MedSchoolRat · 21/03/2022 08:33

I'm female. I've always had male colleagues fall over backwards to insist on pushing me forward and give me as much credit as possible. Put me down as first author when I hadn't written first draft, gave me heaps of opportunities, etc. They're more delighted at my career developments than I am.

I know I'm in minority so there's little point in me speaking up, people are welded to their prejudices. I still can't help but say: You've done so much of this wrong.
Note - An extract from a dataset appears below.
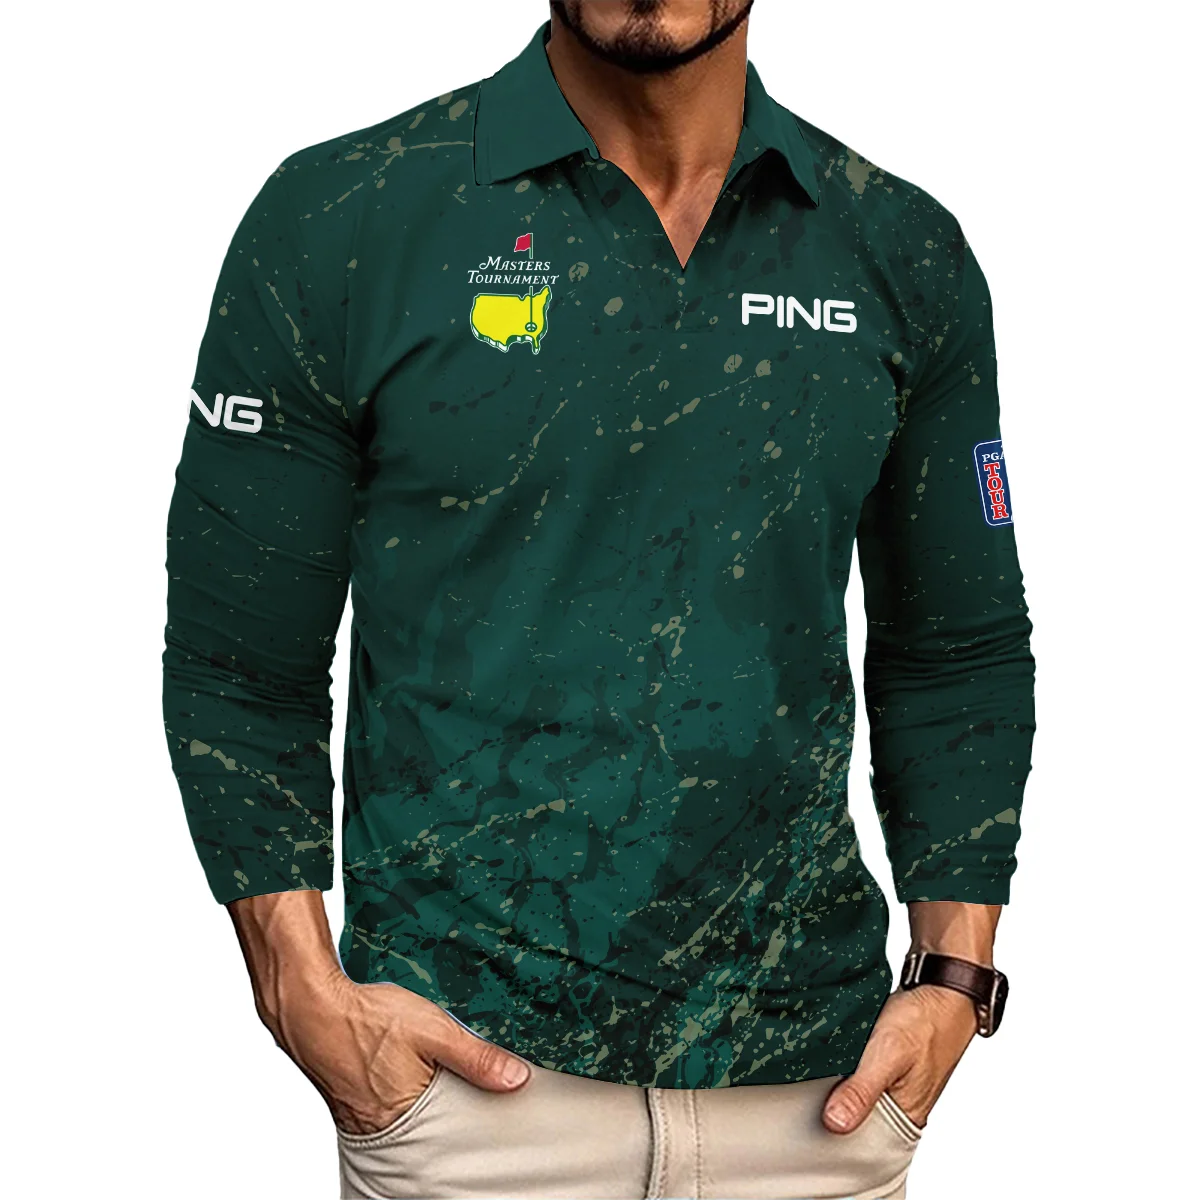 Old Cracked Texture With Gold Splash Paint Masters Tournament Ping Vneck Polo Shirt Style Classic Polo Shirt For Men

The moment you said you wouldn't fund him you wrote yourself out. You put him in a position to find other collaborators. Why did you do that? You're doing the opposite of collaboration by not sitting him down & making clear how joint authorship works, he's a flipping gormless student, so tell him what you expect and how crediting others and authorship usually happens in academia. "My" group doesn't mean he runs the group any more than "my family" means he leads his family.

He will say things like 'both user and I think xyz' and basically repeat a discussion that I have had with him where I've told him what I think of the state of play of the field

I acknowledge I'm slow. I had to read that 5x to understand the supposed objection. Which is fairly paranoid which is why I couldn't get it. It doesn't say that he is taking credit for OP's brilliant idea. Which frankly even you can only own in a very transitory way -- the moment you publish then others will build on it and 'take' it from you, too.

He's not your emissary. He's your potential future colleague. He's allowed to own an idea he's trying to sell to others if he wants them to adopt a specific working practice and build on collaboration with Both of you.